Built-in optimizations in Discovery:
JAX-based computation: Discovery likelihoods use JAX for array operations
JIT compilation: Likelihoods can be JIT-compiled for speed
Efficient signal computation: Waveform templates are optimized
Precomputed quantities: Noise covariances and FFTs are cached
Enabling optimizations when initializing a sampler:
from discoverysamplers import DiscoveryNessaiBridge, DiscoveryJAXNSBridge
# For Nessai: enable JIT compilation
bridge = DiscoveryNessaiBridge(discovery_model, priors, jit=True)
# For JAX-NS: JIT is enabled by default, configure vectorization
bridge = DiscoveryJAXNSBridge(discovery_model, priors, jit=True)
bridge.configure_array_api(order=bridge.sampled_names)

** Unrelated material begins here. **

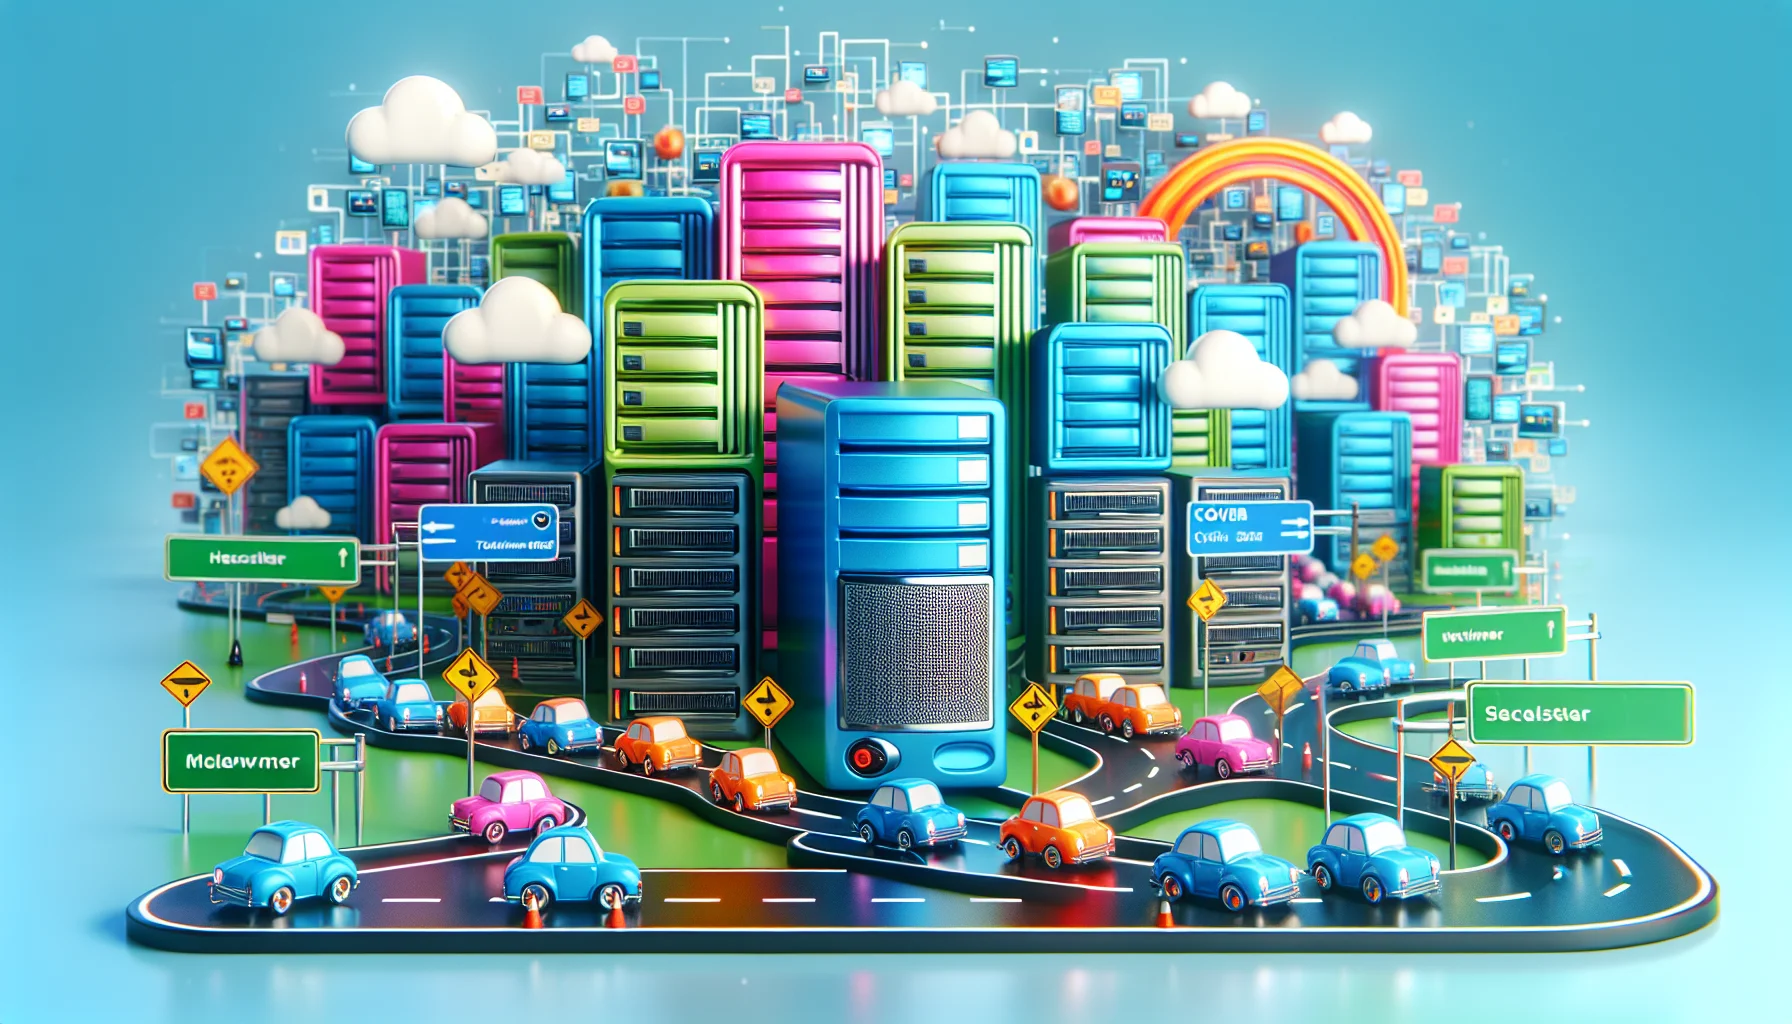 Create an innovative and playful scene showcasing the concept of reseller hosting. The scene could have multiple data servers represented as vibrant-colored, large metallic boxes, constantly on the go on tiny wheels, busily hosting websites. There might be road signs and traffic signals directing them. A supercomputer, symbolizing the reseller, could be seen handling the traffic with ease while appearing overwhelmed in a humorous way. A backdrop of an abstract internet cityscape further sets the mood. This scene alludes to the efficiency and dynamism of inmotion reseller hosting service.

# For Eryn: JIT the likelihood before passing
from jax import jit
jitted_model = jit(discovery_model)
bridge = DiscoveryErynBridge(jitted_model, priors)
GPU acceleration:
If you have a GPU available, JAX will automatically use it:
import jax
# Check available devices
print(f"Devices: {jax.devices()}")
# Force GPU usage
jax.config.update('jax_platform_name', 'gpu')
# Enable 64-bit precision (recommended for nested sampling)
jax.config.update("jax_enable_x64", True)
How to Best Write Your Own Likelihood
If you’re extending Discovery or writing custom likelihoods, follow these guidelines for optimal performance.
Use JAX Instead of NumPy
import jax.numpy as jnp
from jax import jit
# Slow: NumPy version
def numpy_likelihood(params):
x = params['x']
y = params['y']
return -0.5 * (np.square(x) + np.square(y))
# Fast: JAX version
@jit
def jax_likelihood(params):
x = params['x']
y = params['y']
return -0.5 * (jnp.square(x) + jnp.square(y))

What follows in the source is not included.